GOAL OF THE EXERCISE> Write out exactly the lines below starting at the one containing "Hand Shaped Band" and ending at the one containing "Boy George #3". Omit every picture.

EXERCISE INPUT>
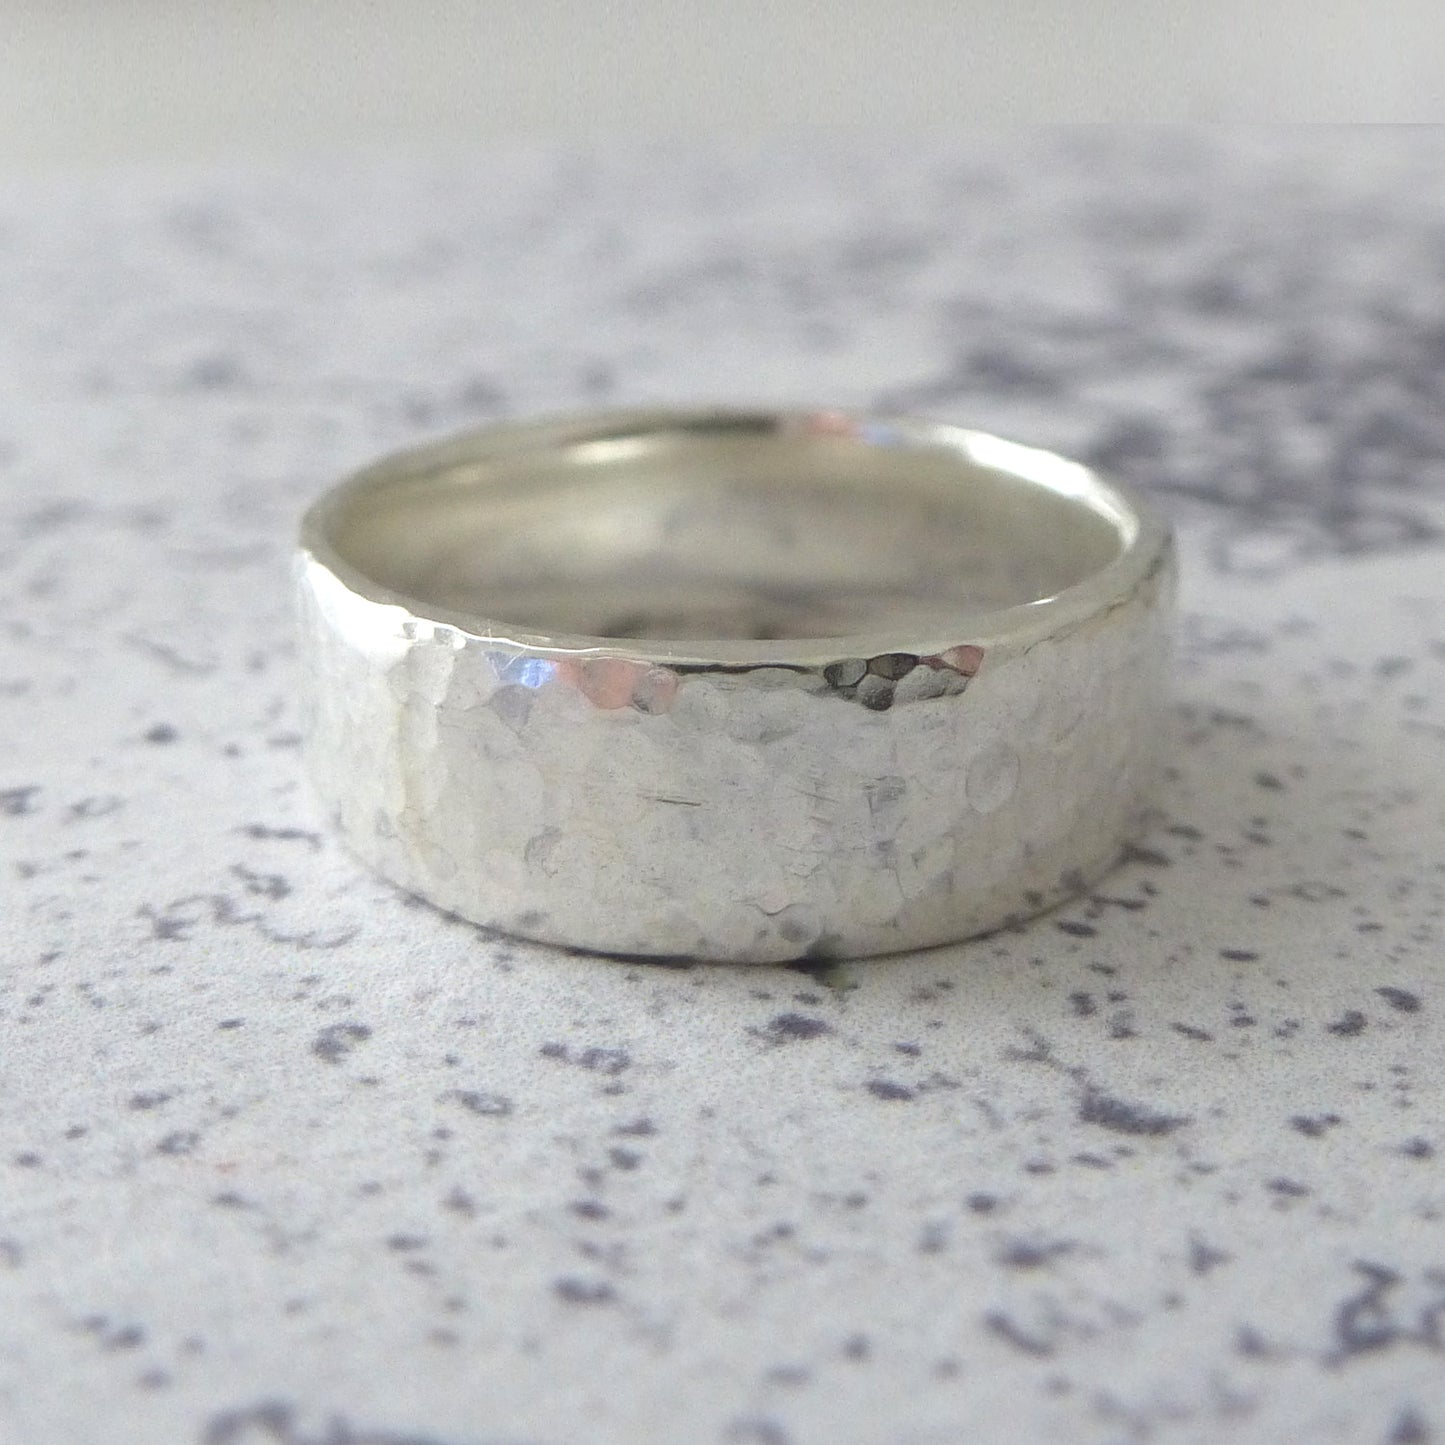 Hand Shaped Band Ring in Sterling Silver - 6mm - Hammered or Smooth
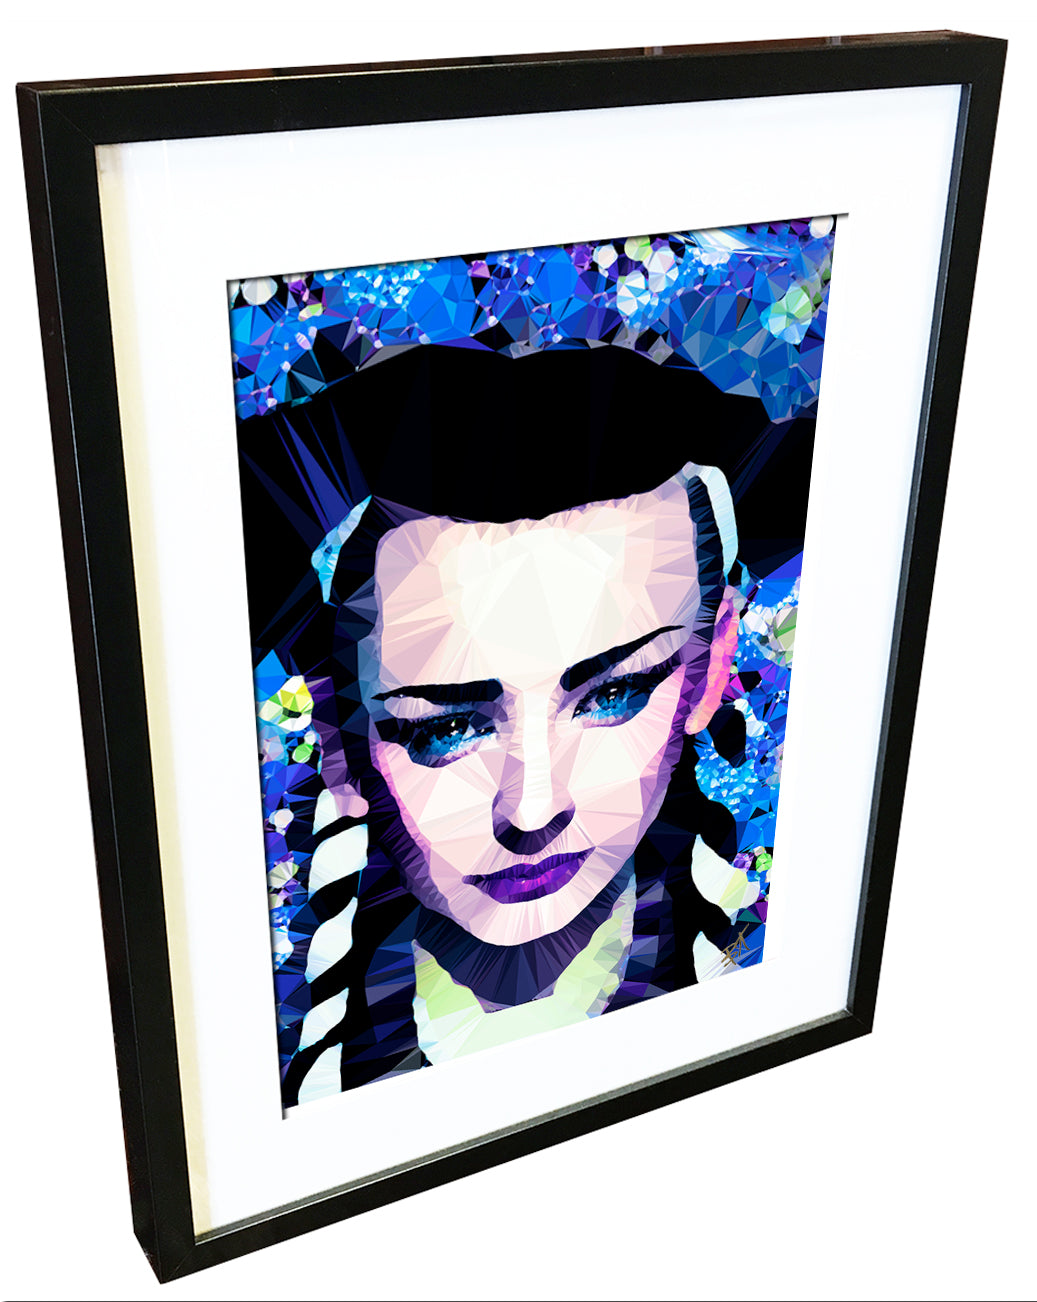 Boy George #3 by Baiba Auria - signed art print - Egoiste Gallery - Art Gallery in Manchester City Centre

--

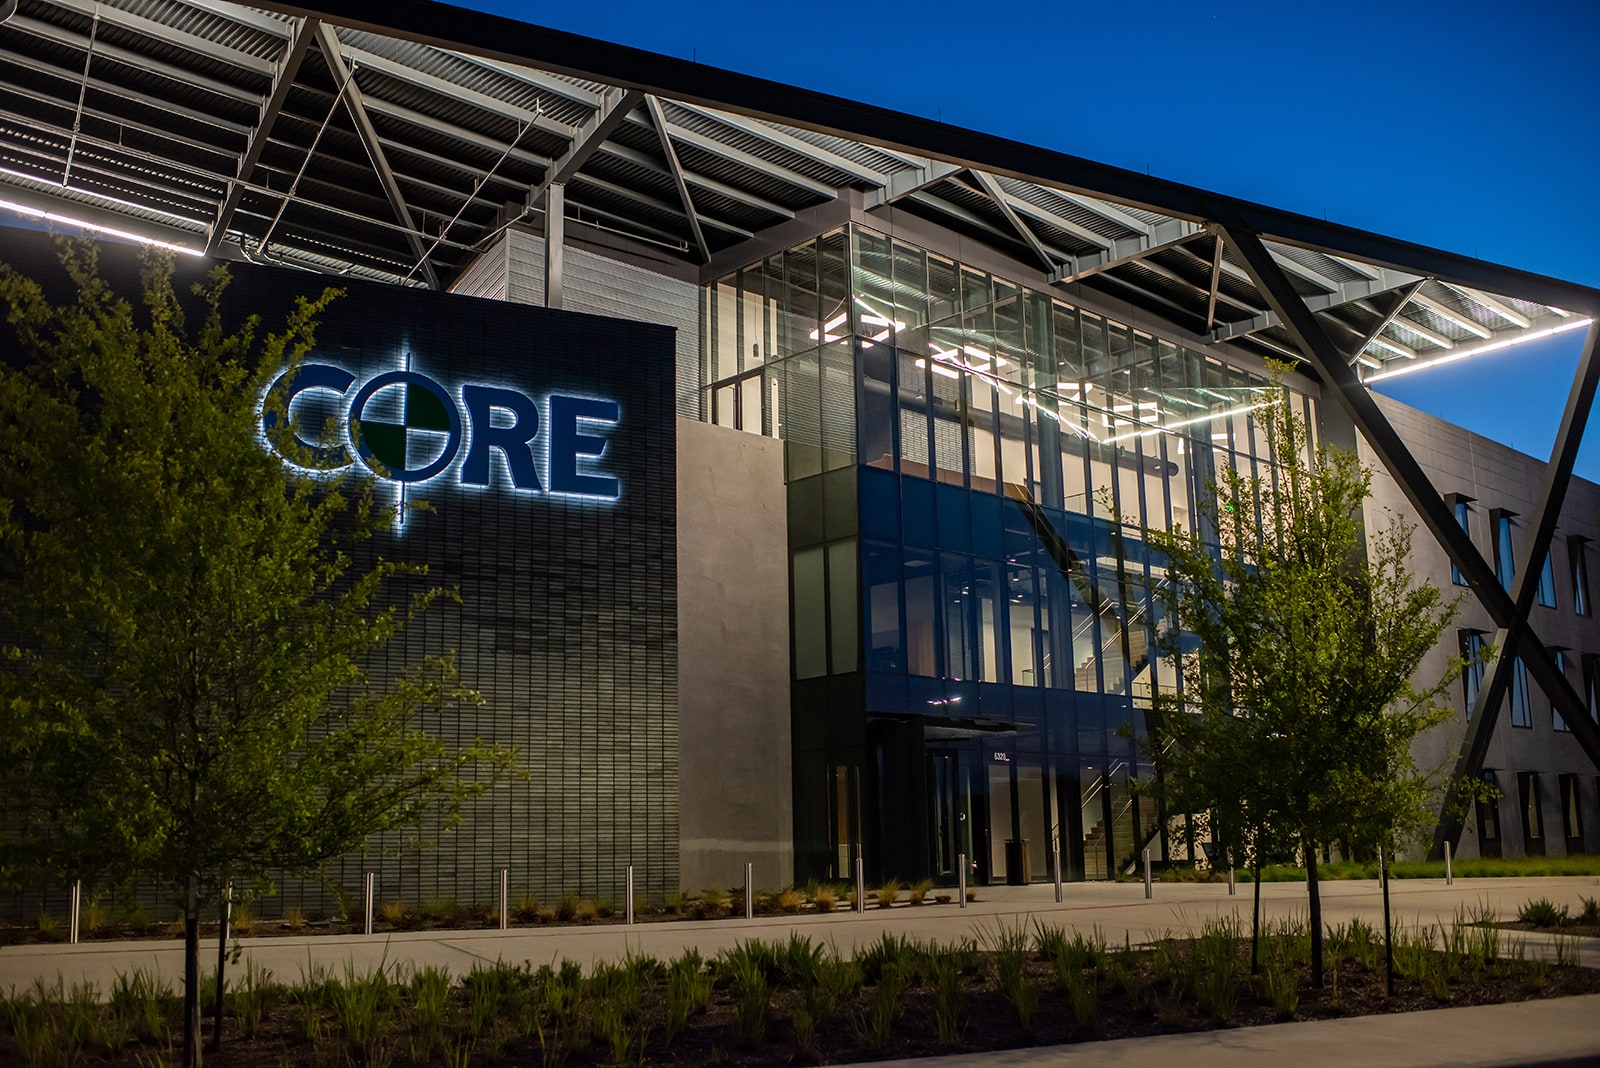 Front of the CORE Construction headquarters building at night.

WRITTEN ANSWER>
 Hand Shaped Band Ring in Sterling Silver - 6mm - Hammered or Smooth
 Boy George #3 by Baiba Auria - signed art print - Egoiste Gallery - Art Gallery in Manchester City Centre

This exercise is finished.